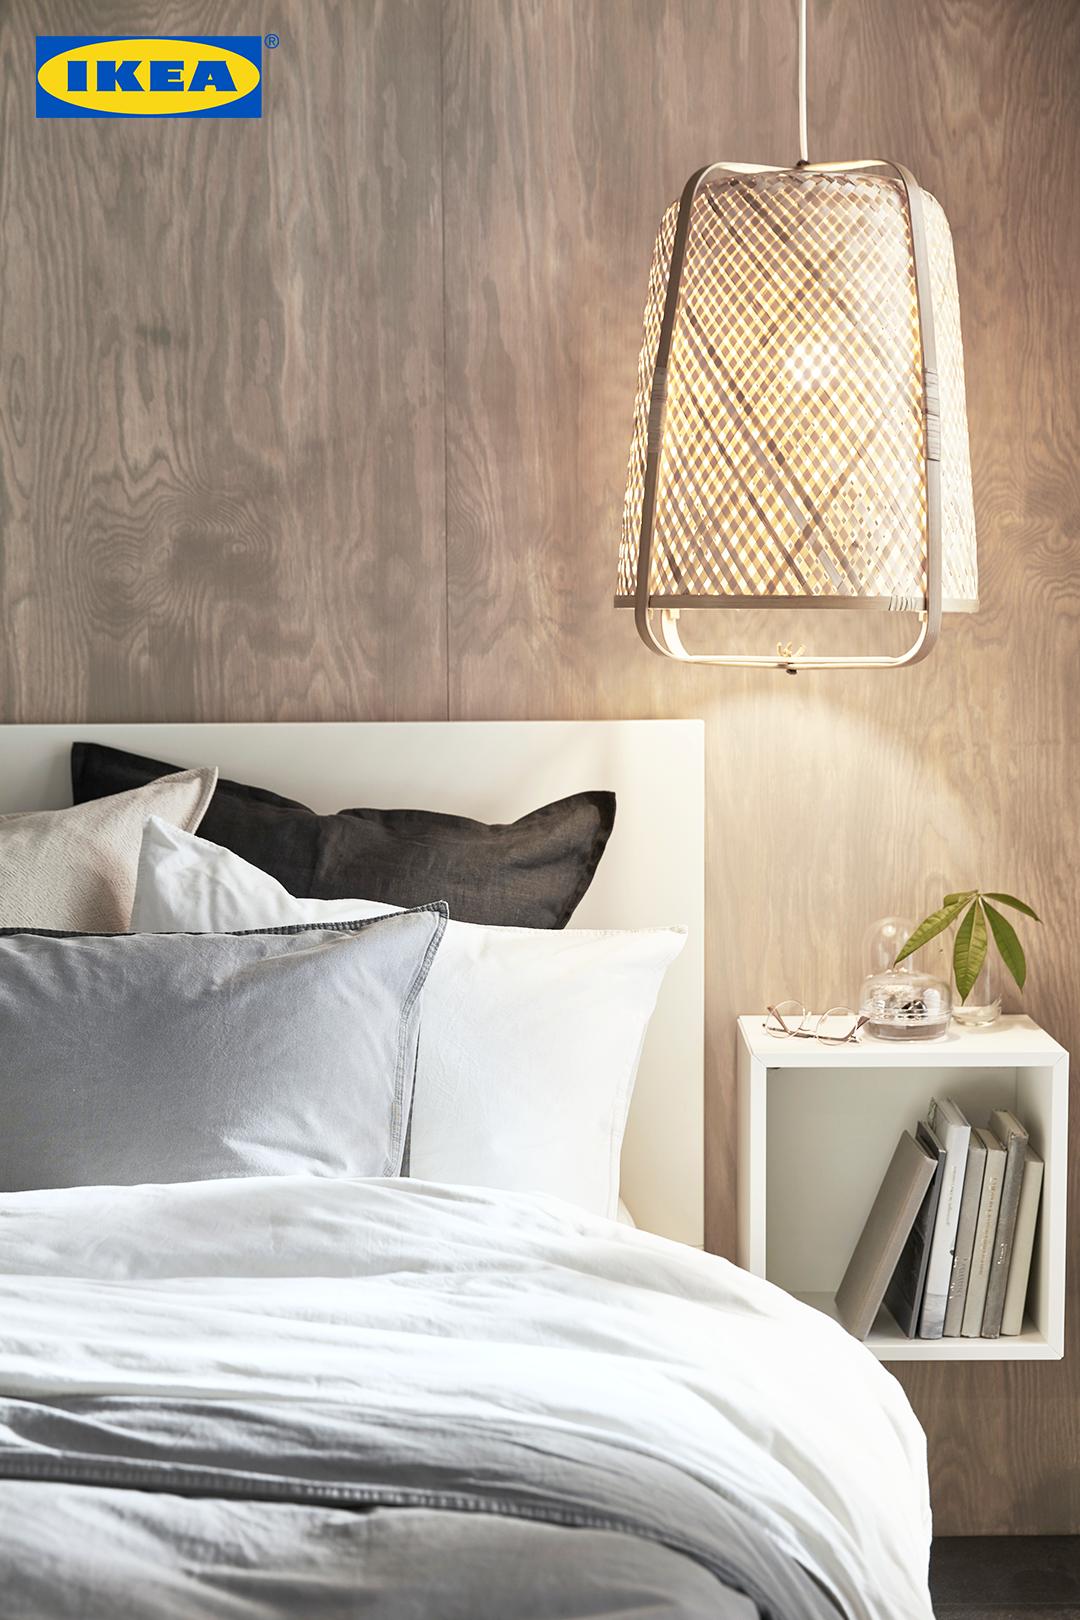 Schlafzimmerserien Haus deko, Schlafzimmermöbel und
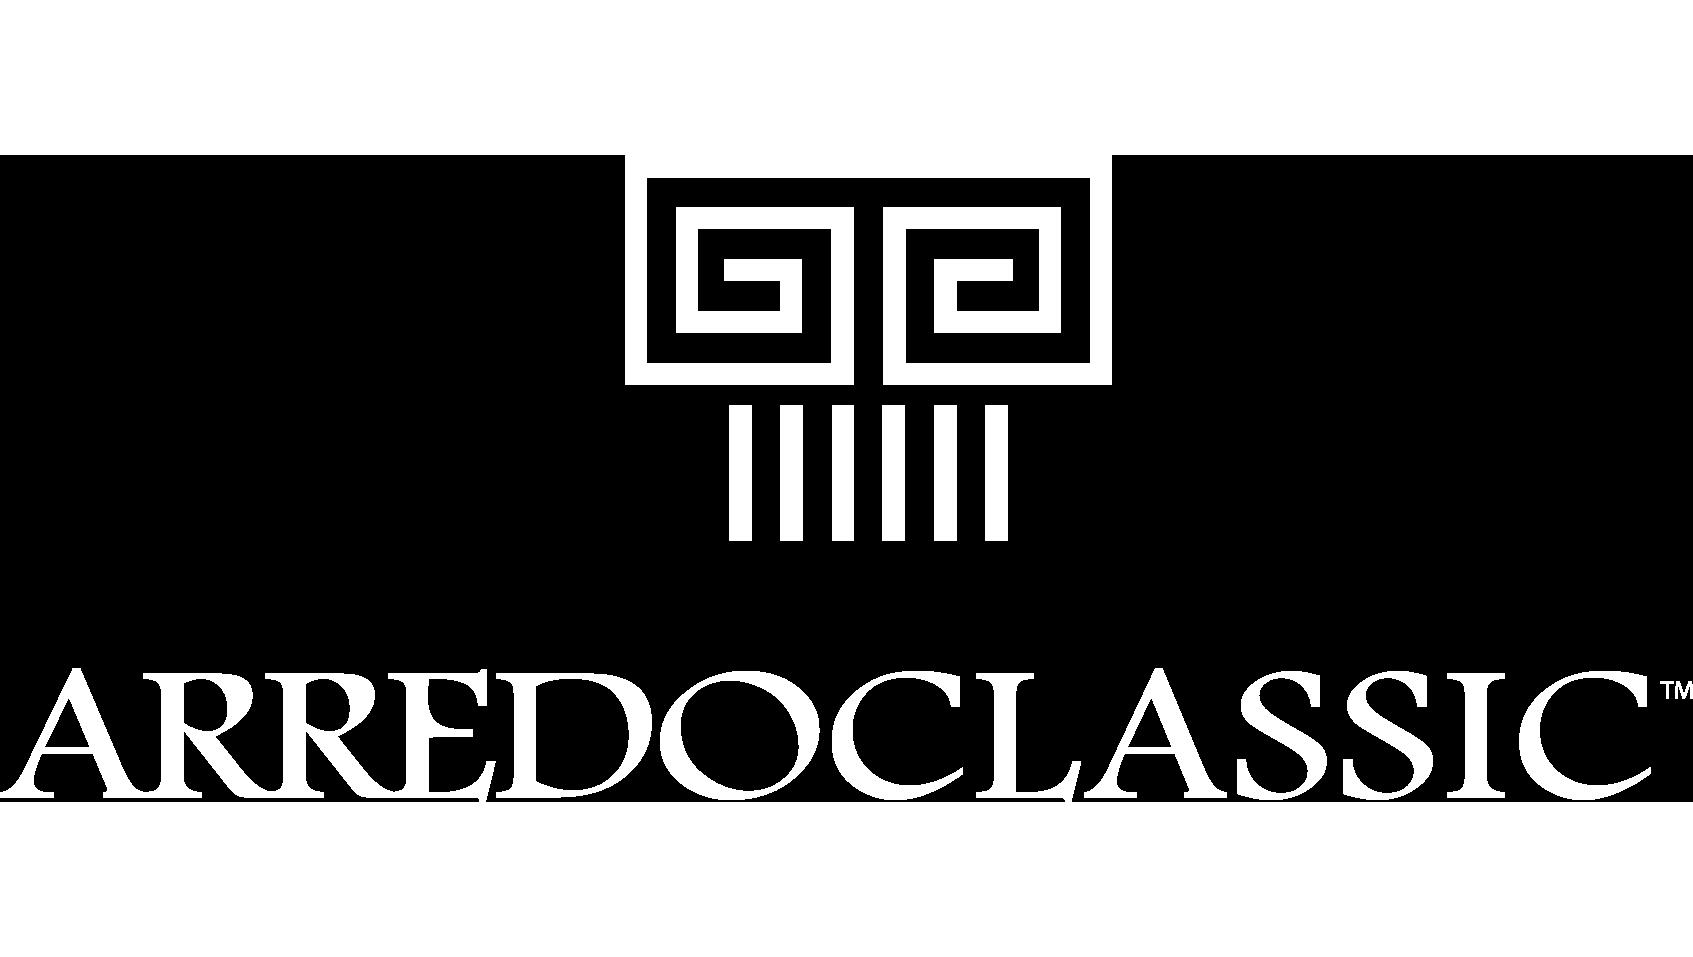 arredoclassic-09
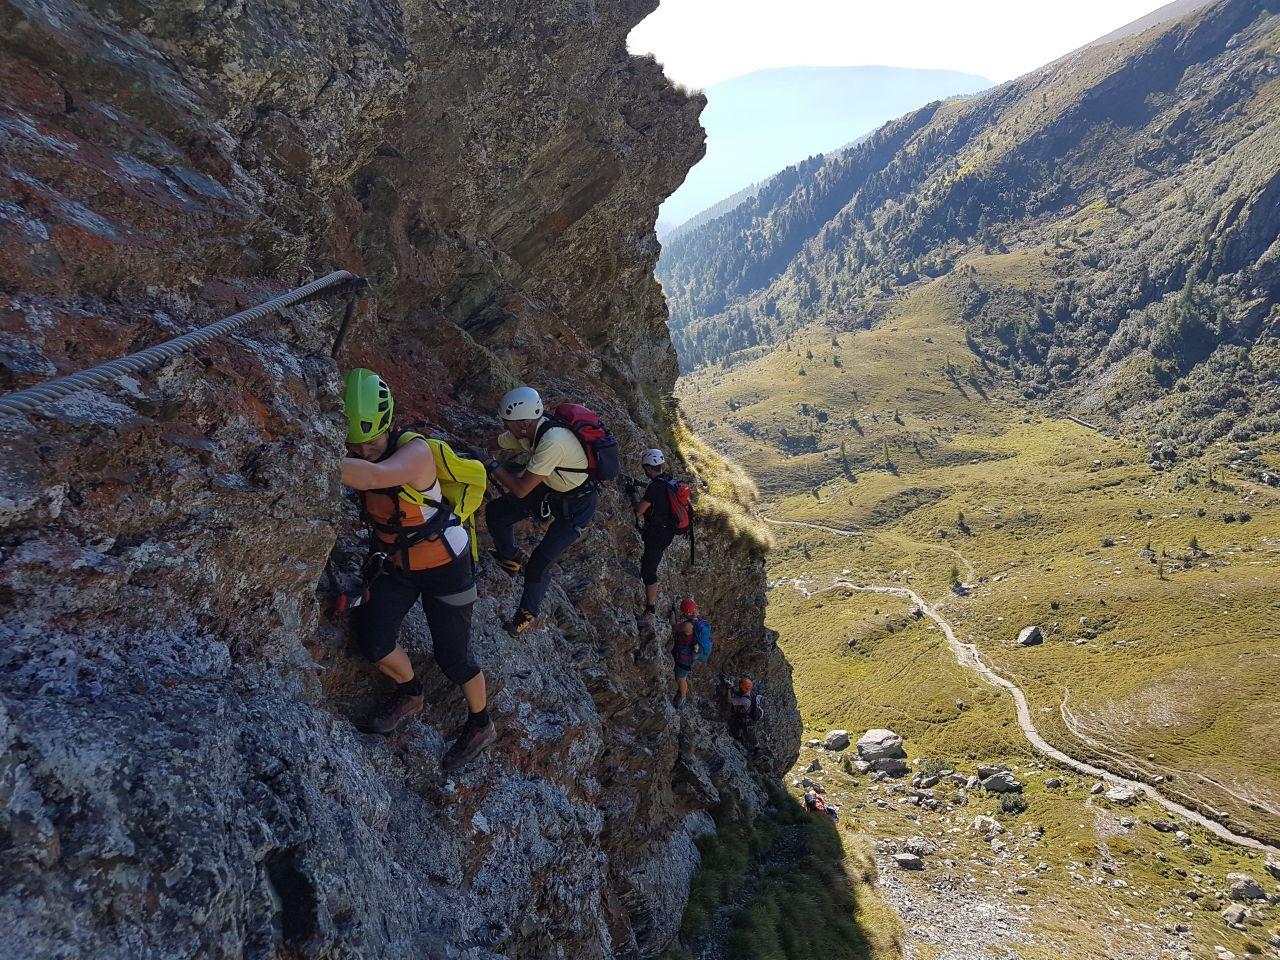 Klettersteig Falkert : Falken klettersteig auf den falkert in kärnten alpenverein

What the exercise asks »
Except for the pictures, give the data again word for word.

Answer section »
 Schlafzimmerserien Haus deko, Schlafzimmermöbel und
 arredoclassic-09
 Klettersteig Falkert : Falken klettersteig auf den falkert in kärnten alpenverein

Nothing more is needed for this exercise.